THE DATA:
====

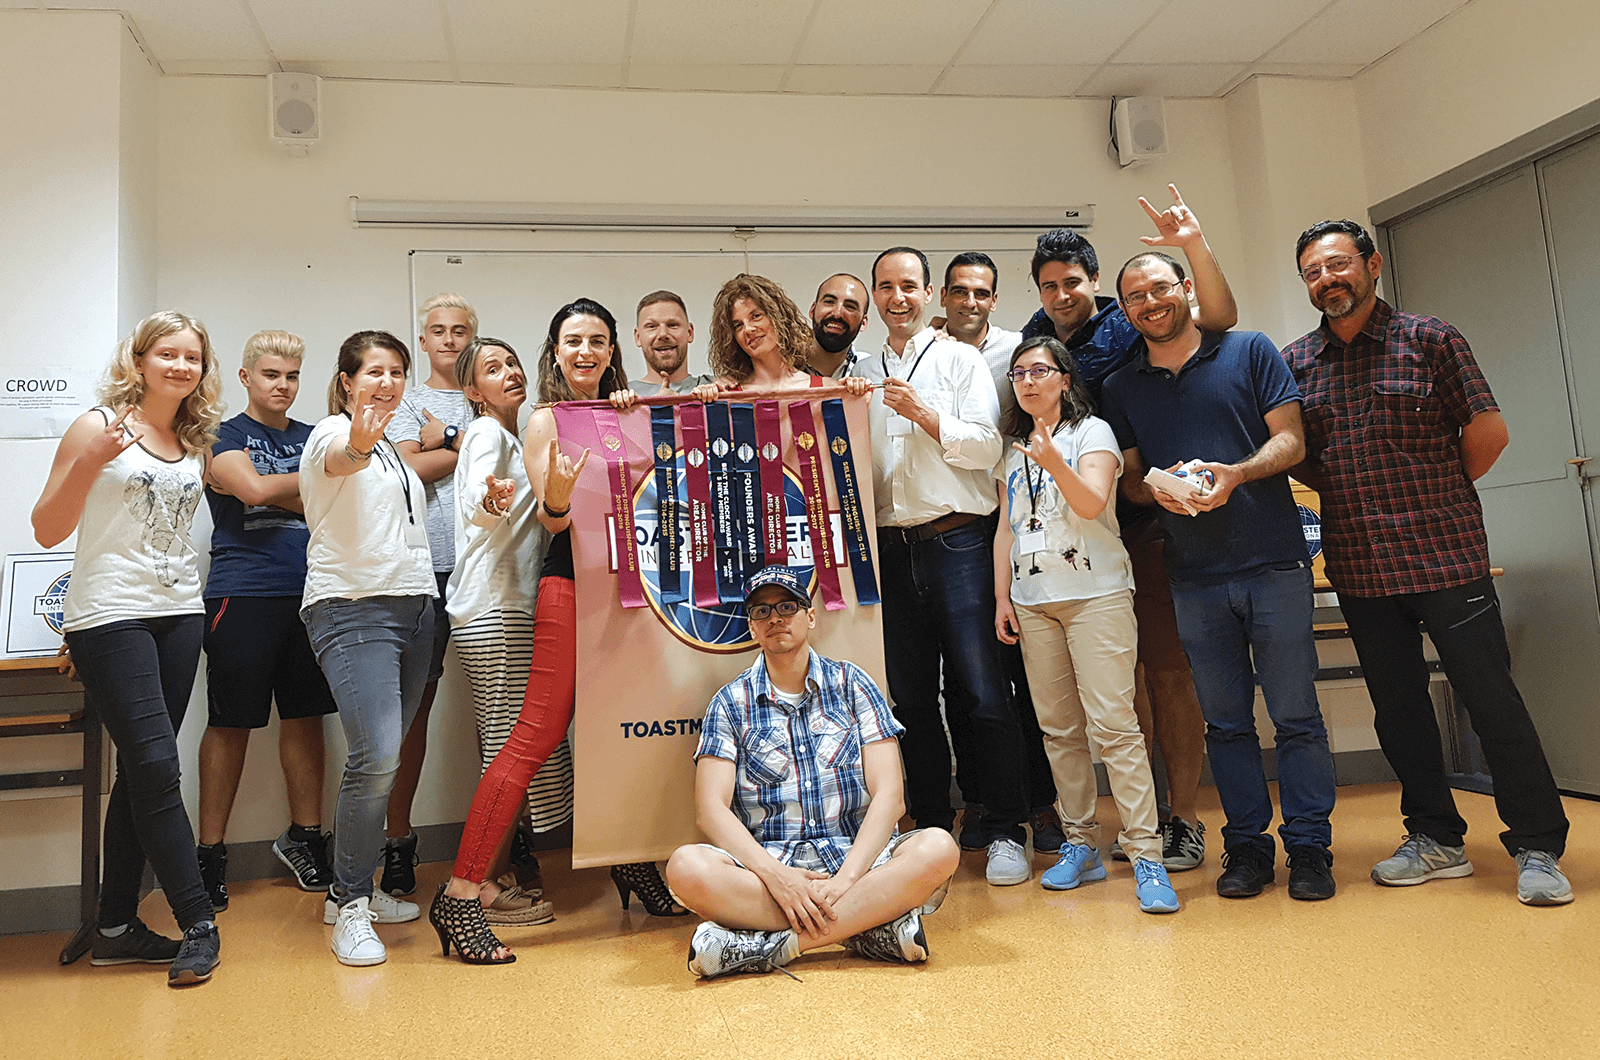 Group of Toastmasters members in Spain pose with banner
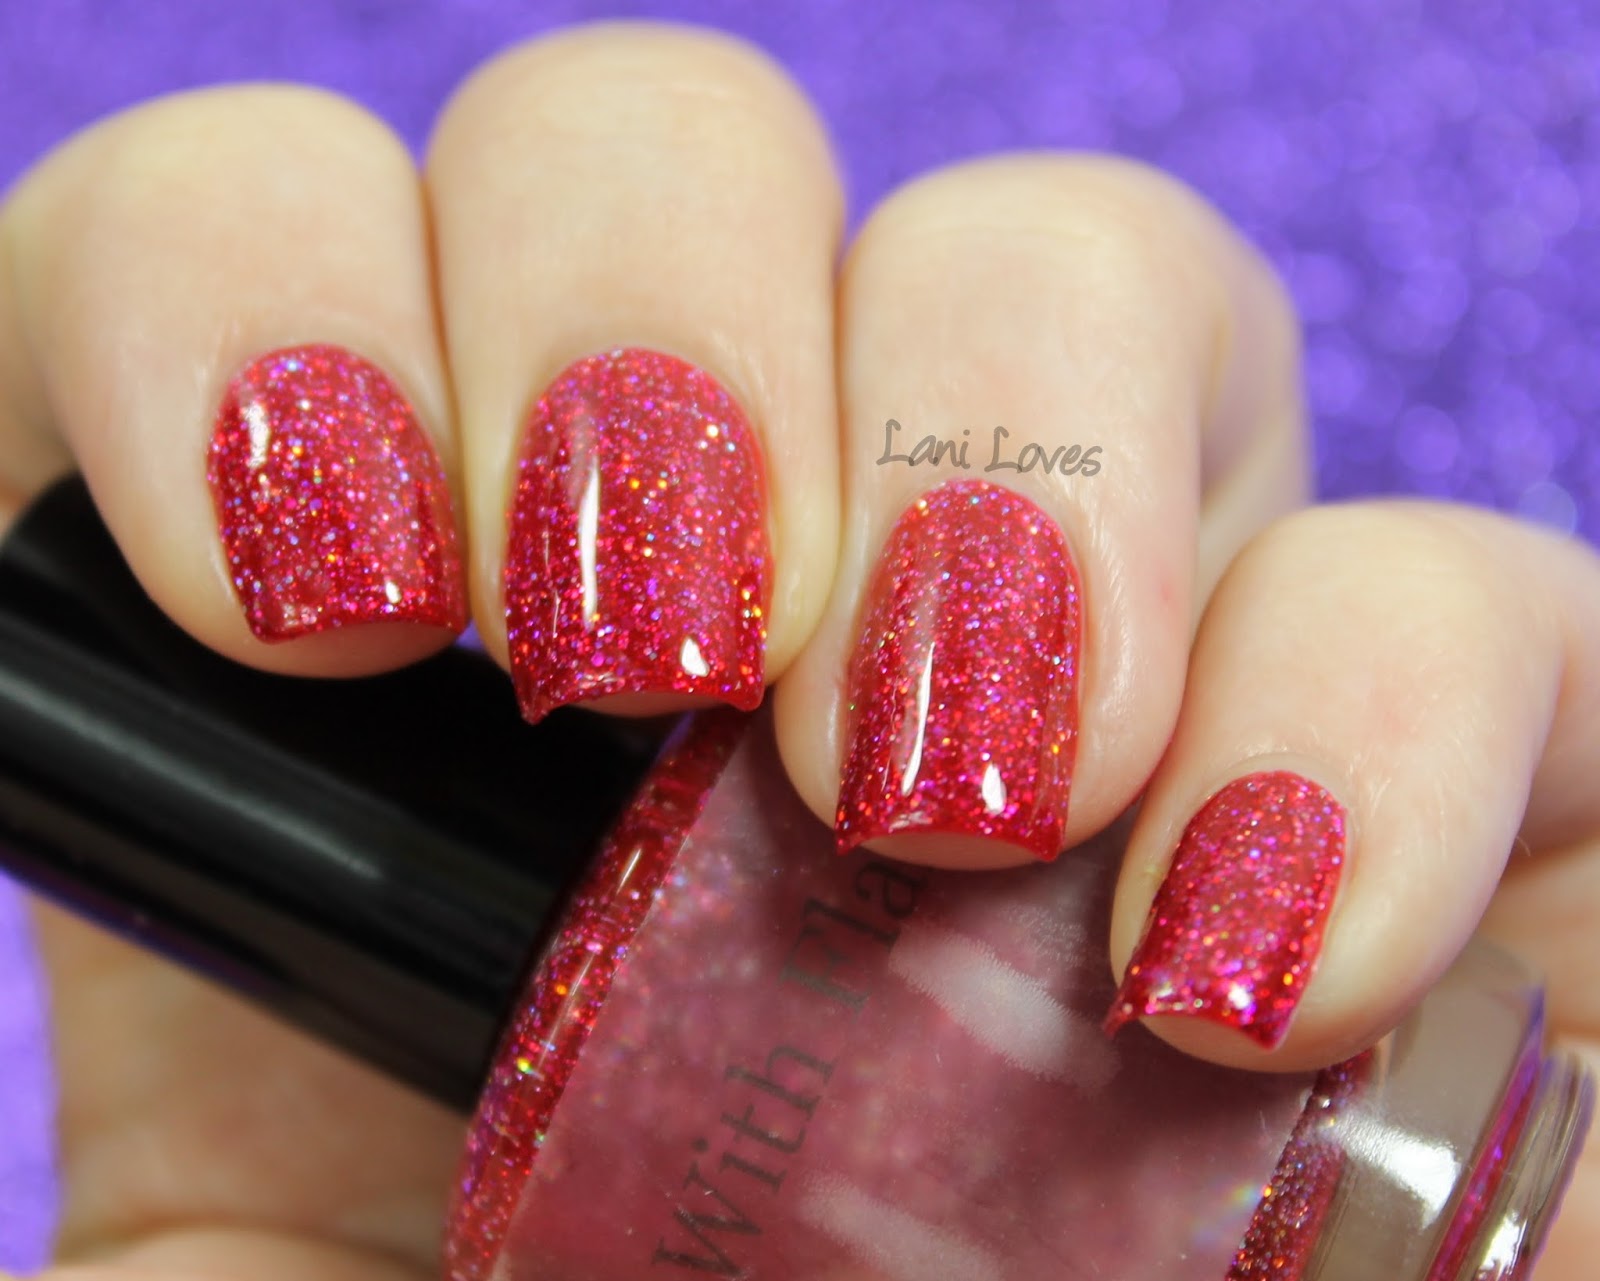 L'Oreal Lifetime Love + Pahlish Pianos Filled With Flames swatch
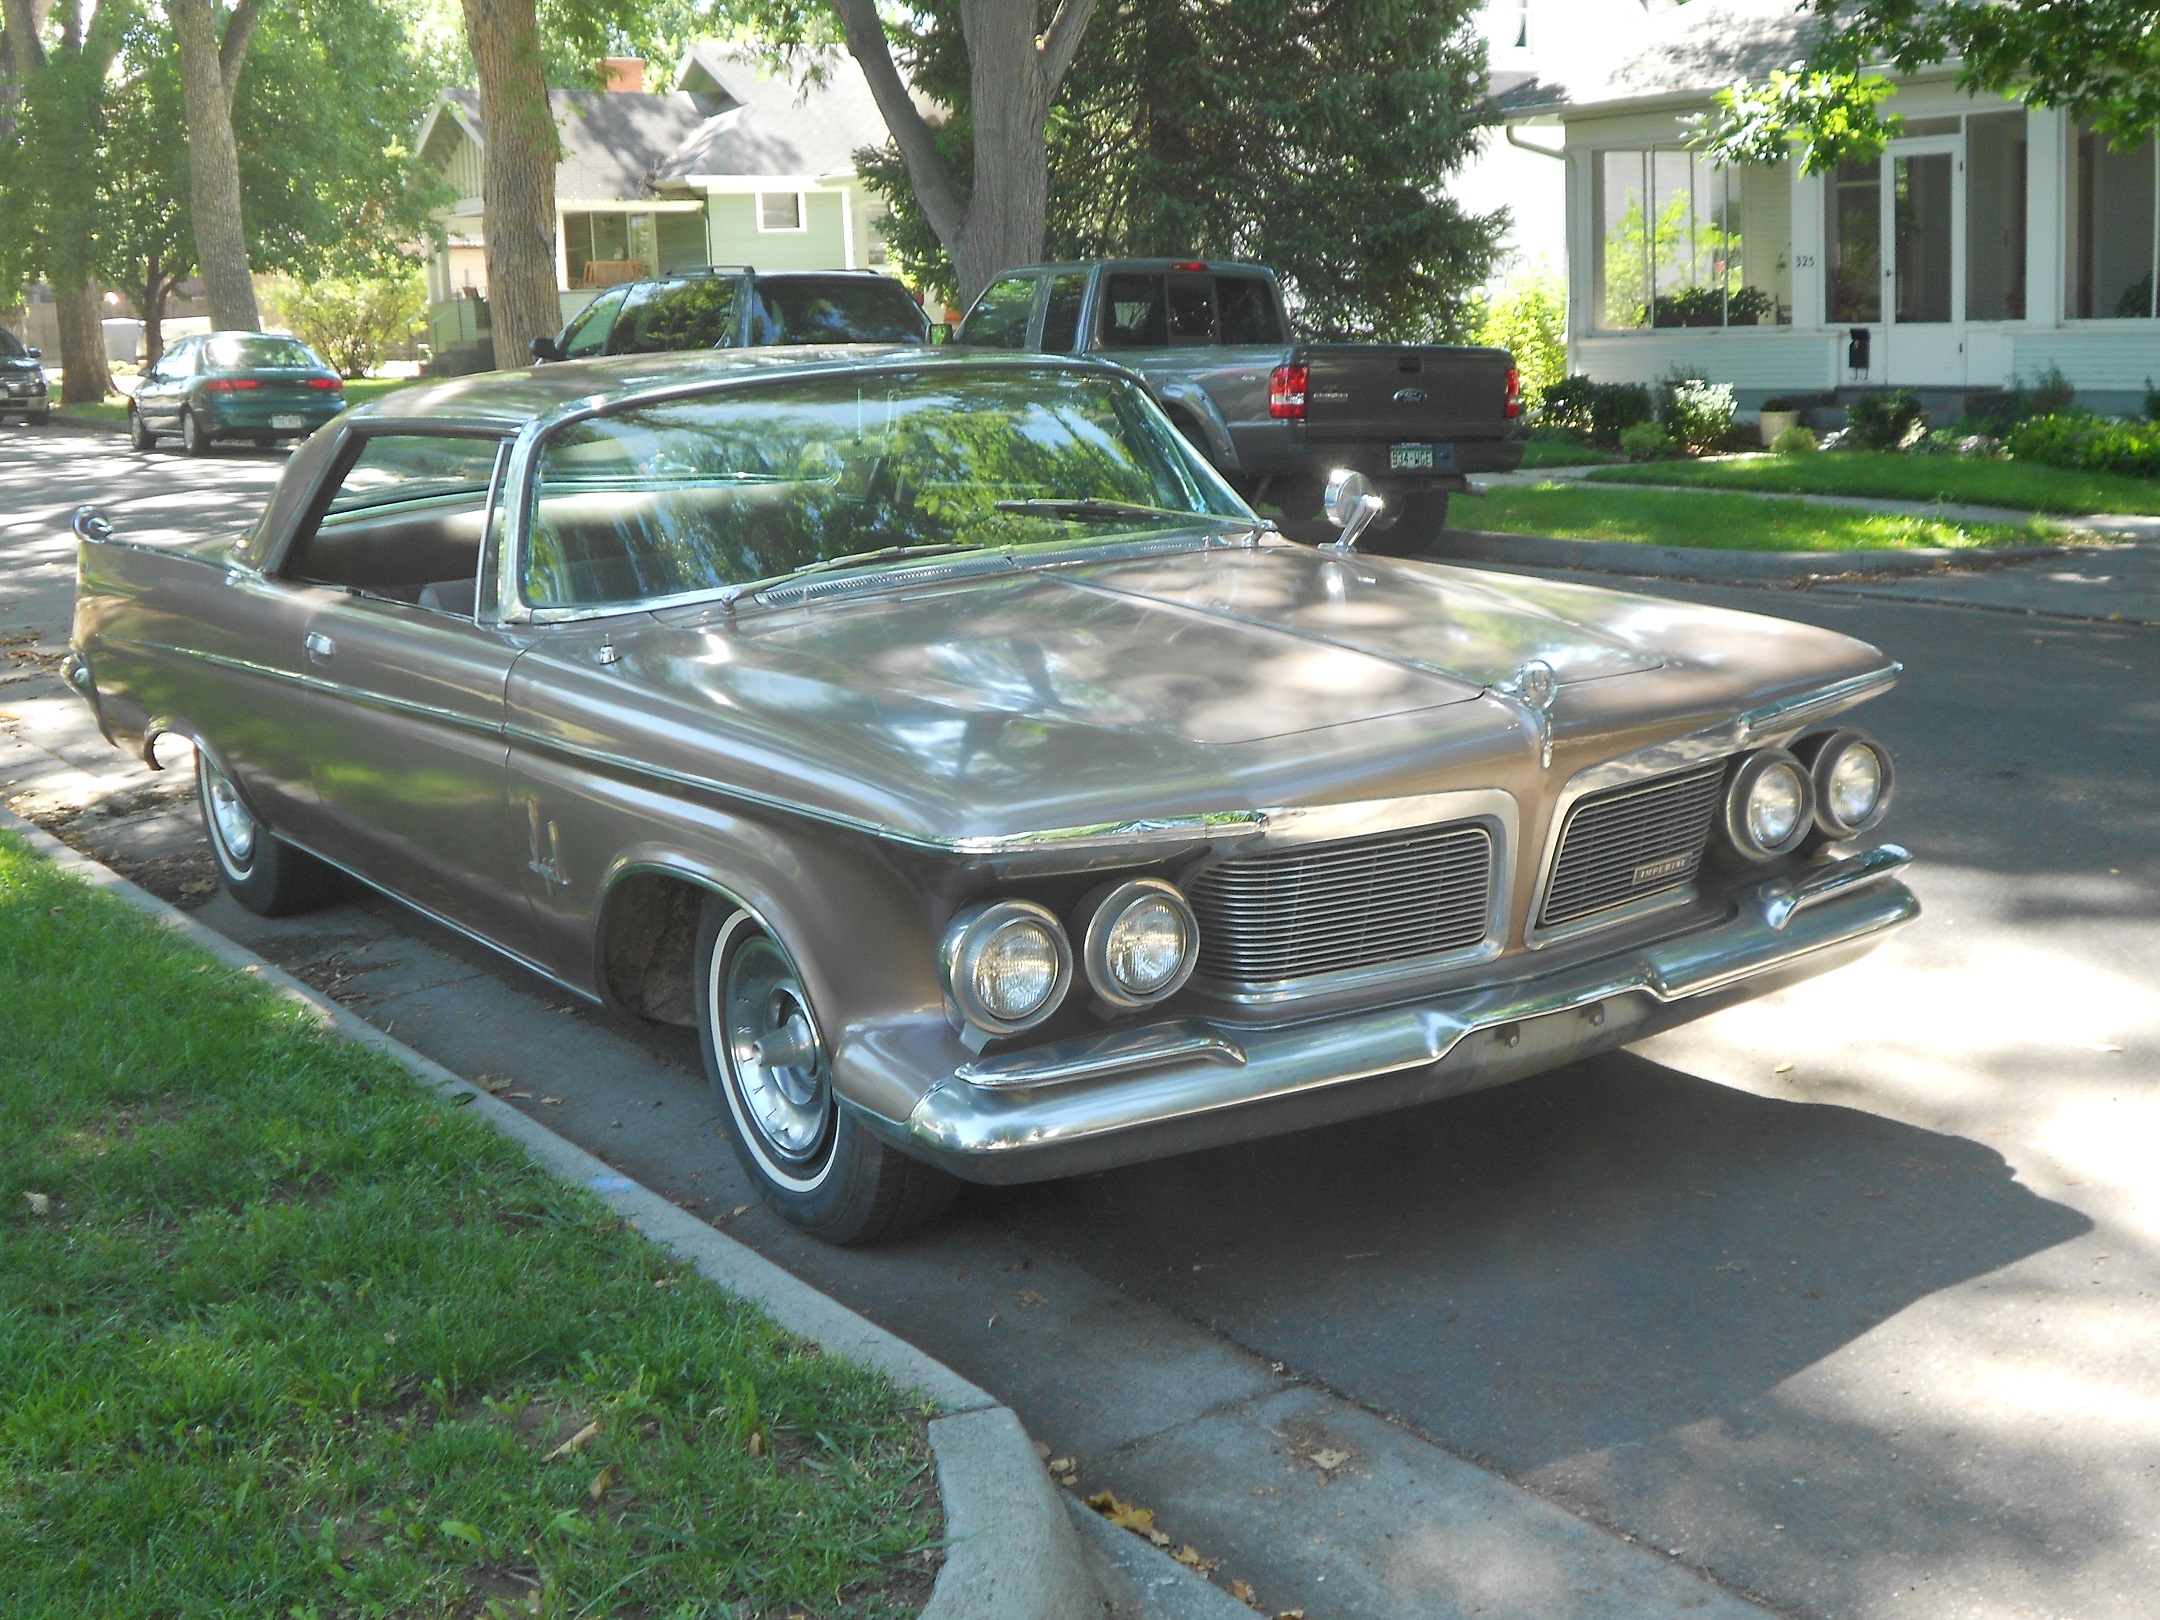 1962 Chrysler imperial parts #2

====

PROMPT: Copy the listing above word for word. Do not include the pictures.

ANSWER TO THIS EXERCISE:
 Group of Toastmasters members in Spain pose with banner
 L'Oreal Lifetime Love + Pahlish Pianos Filled With Flames swatch
 1962 Chrysler imperial parts #2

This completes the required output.